Researchers at NYU School of Medicine in the US have found that an AI program can analyse images of patients’ lung tumours and accurately specify cancer types and identify altered genes driving abnormal cell growth.

This is significant because it demonstrates that by using an AI approach to diagnosing the type of cancer patients will be able to start targeted cancer therapies sooner.

In a study published online in Nature Medicine, the team of researchers trained a deep convolutional neural network, Google’s Inception v3, to analyse slide images obtained from The Cancer Genome Atlas, a database of confirmed cancer diagnosis images. This enabled the researchers to measure how well their machine learning program could be trained to accurately and automatically classify normal versus diseased tissue.

From the study the researchers found that the AI program could distinguish with 97% accuracy between adenocarcinoma and squamous cell carcinoma, two lung cancer types that even experienced pathologists struggle to parse without confirmatory tests.

From analysing the images, the AI program was also able to determine if abnormal versions of six genes linked to lung cancer – including EGFR, KRAS and TP53 – were present in cells, with an accuracy that ranged from 73 to 86% depending on the gene. As the researchers explained in the study, these genetic mutations often cause the abnormal growth seen in cancer, but can also change a cell’s shape and interactions with its surroundings, providing visual clues for automated analysis.

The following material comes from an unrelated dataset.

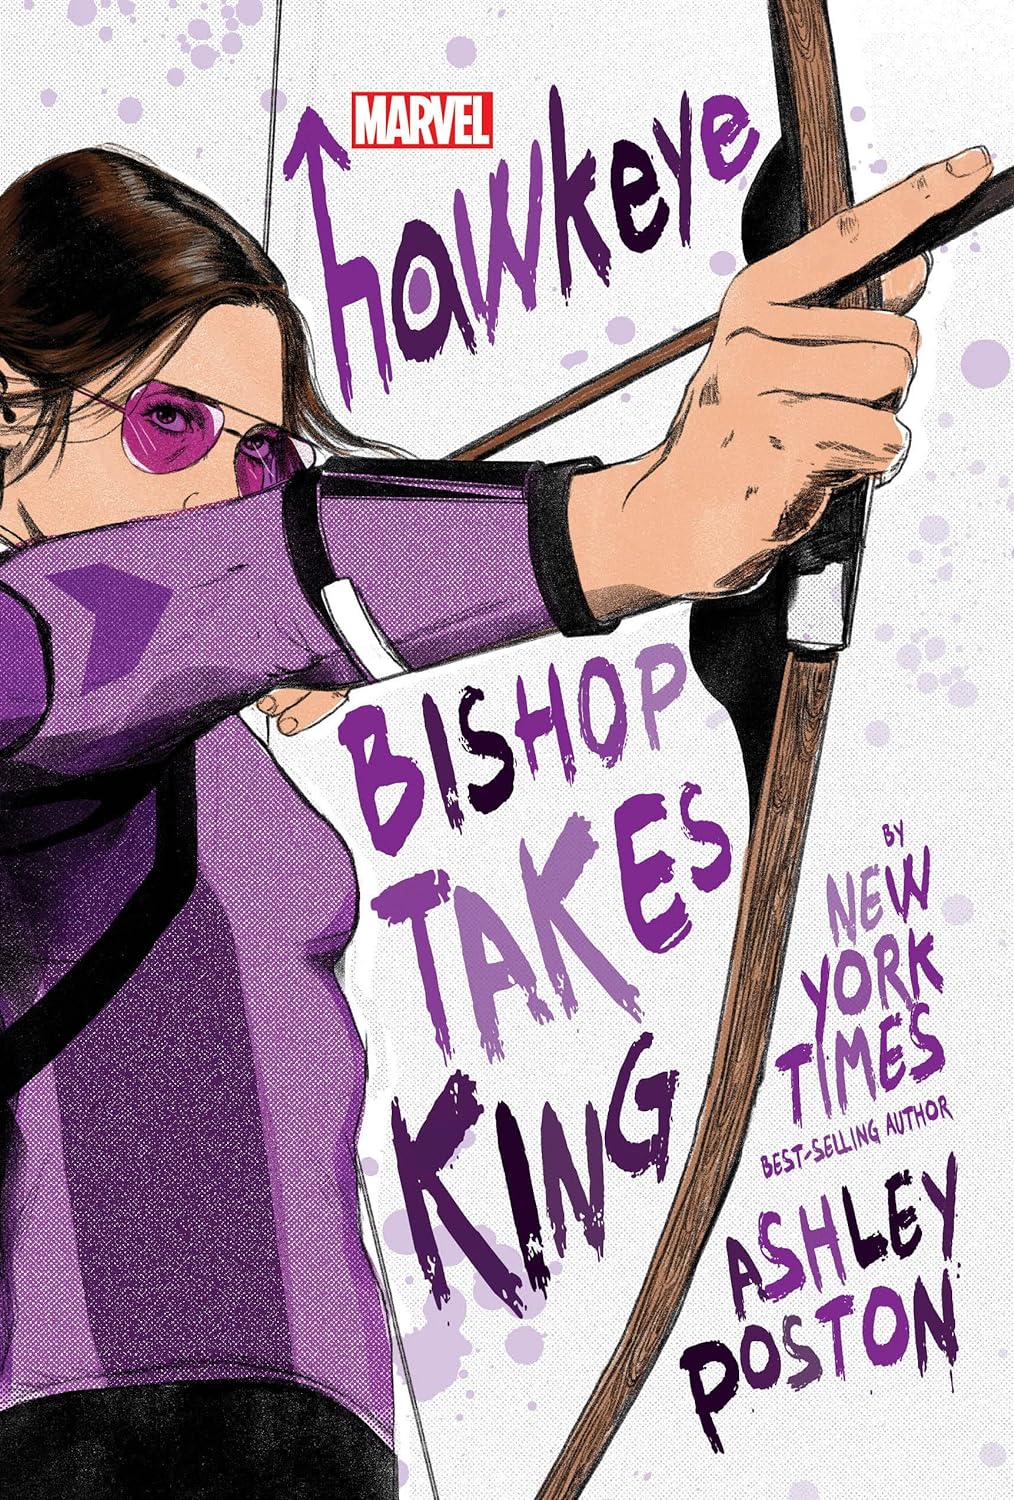 Hawkeye: Bishop Takes King Hardcover

For targeted therapies to be successful, it’s important to determine which genes are changed in each tumour. However, current genetic tests being used to confirm the presence of mutations can take weeks to return results.

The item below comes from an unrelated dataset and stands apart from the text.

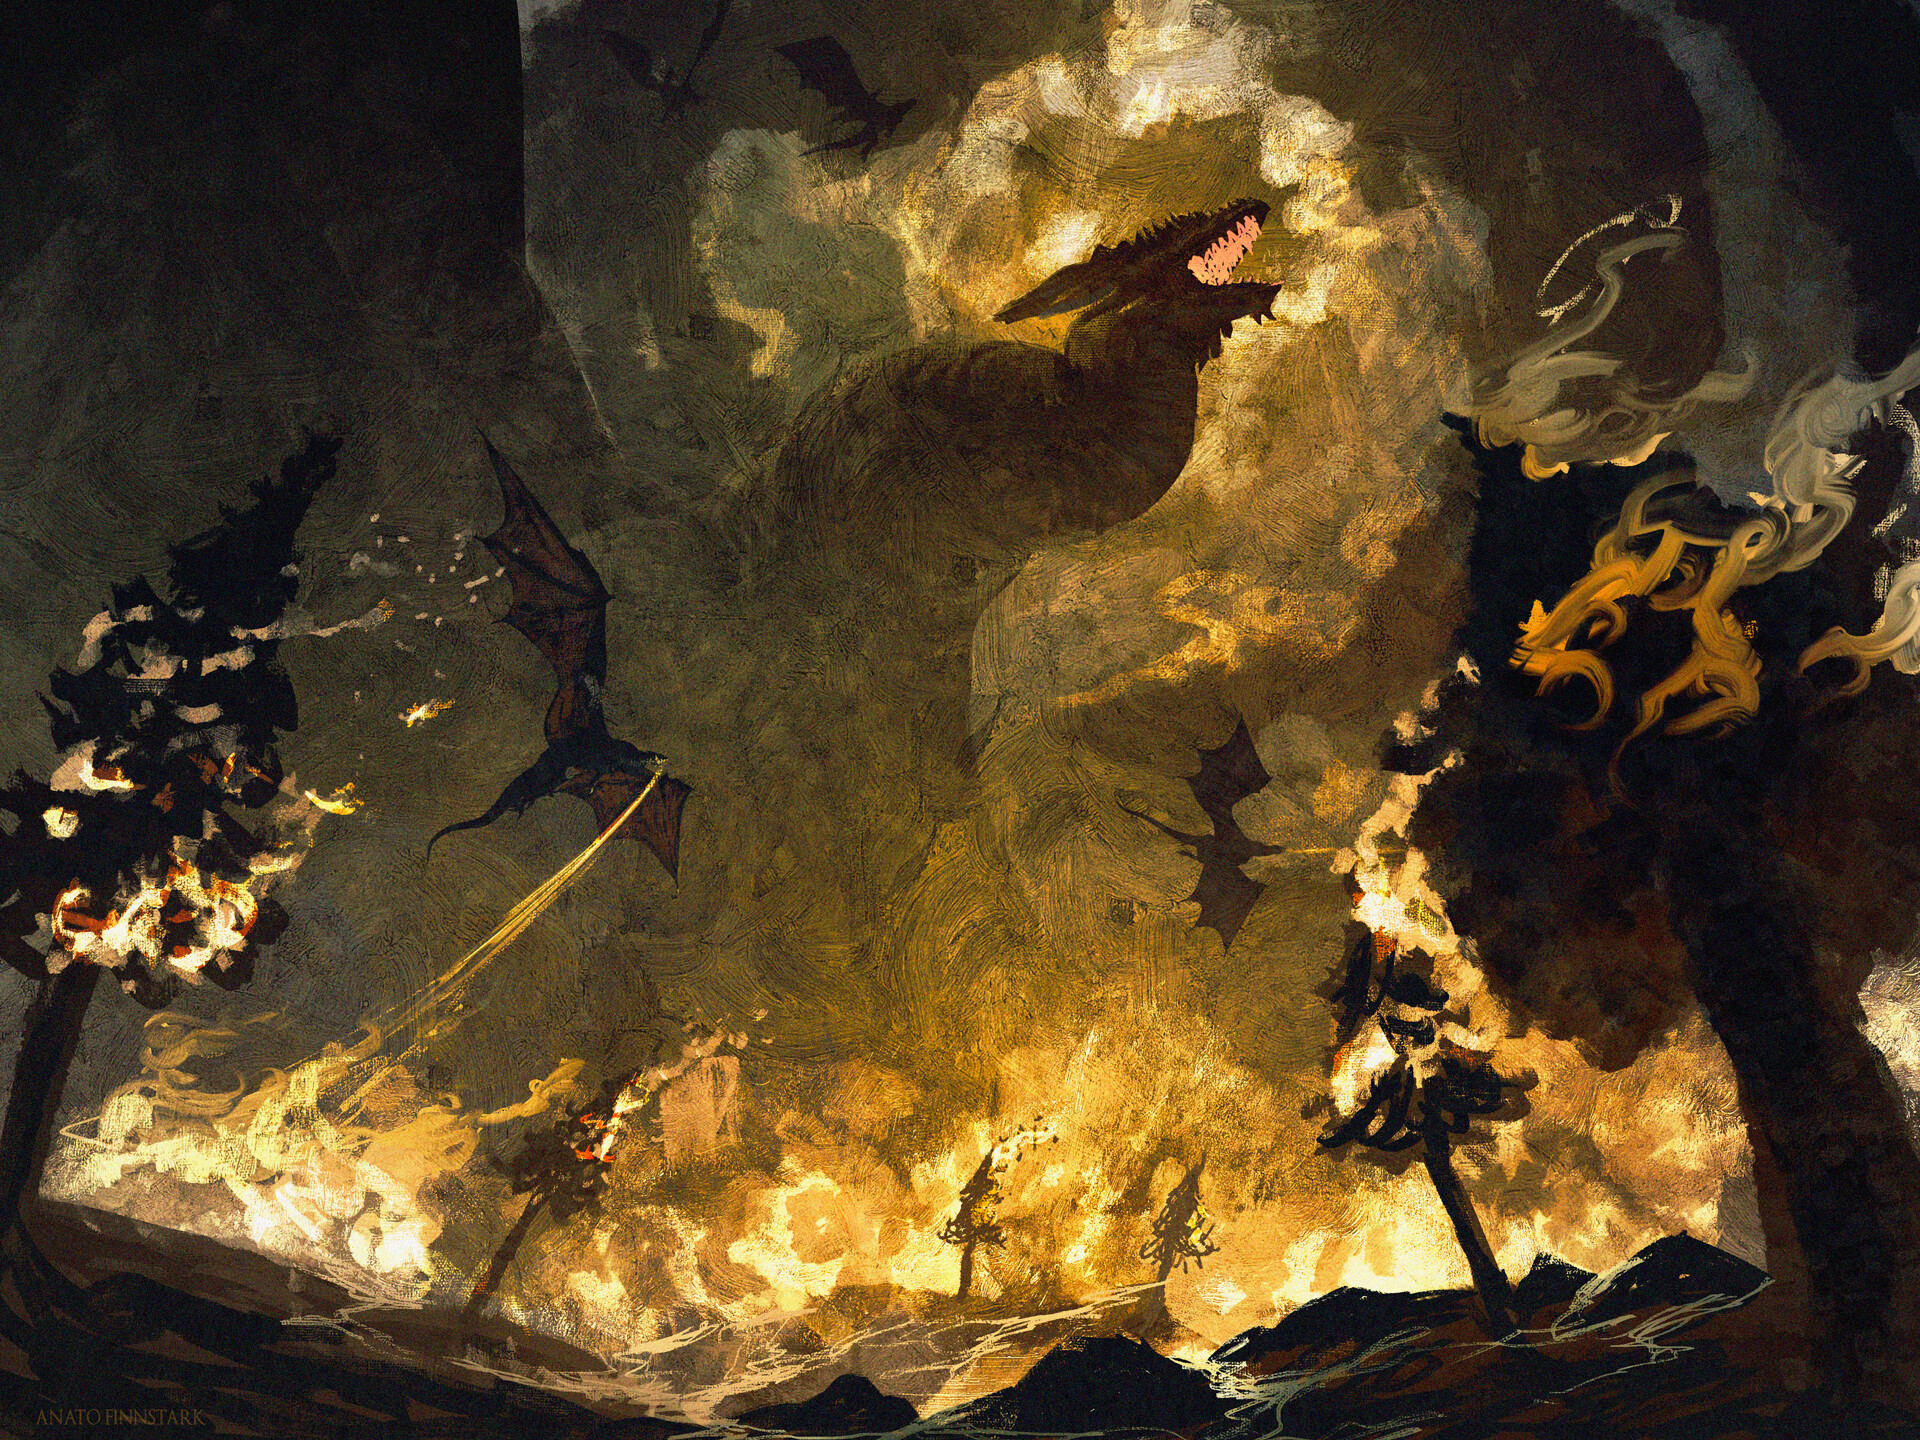 Anato Finnstark Artwork ArtStation Fantasy Art Dragon Creature Fire Burning 1920x1440

“Delaying the start of cancer treatment is never good,” said senior study author and Associate Professor in the Department of Pathology at NYU School of Medicine and NYU Langone Health’s Perlmutter Cancer Center, Aristotelis Tsirigos, PhD.

“Our study provides strong evidence that an AI approach will be able to instantly determine cancer subtype and mutational profile to get patients started on targeted therapies sooner,” continued Tsirigos.

The study also found that about half of the small percentage of tumour images misclassified by the study AI program was also misclassified by the pathologists, demonstrating the difficulty in distinguishing between the two lung cancer types. Meanwhile, 45 out of 54 of the images misclassified by at least one of the pathologists in the study were assigned to the correct cancer type by the program, suggesting that AI could offer a useful second opinion.

“In our study, we were excited to improve on pathologist-level accuracies, and to show that AI can discover previously unknown patterns in the visible features of cancer cells and the tissues around them,” said co-corresponding author of the study and Assistant Professor in the departments of Radiology and Population Health, Narges Razavian, PhD.

“The synergy between data and computational power is creating unprecedented opportunities to improve both the practice and the science of medicine,” continued Razavian.

The research team plan to continue training their AI program with data until it can determine which genes are mutated in a given cancer with more than 90% accuracy. Following this they will seek US government approval to use the technology clinically.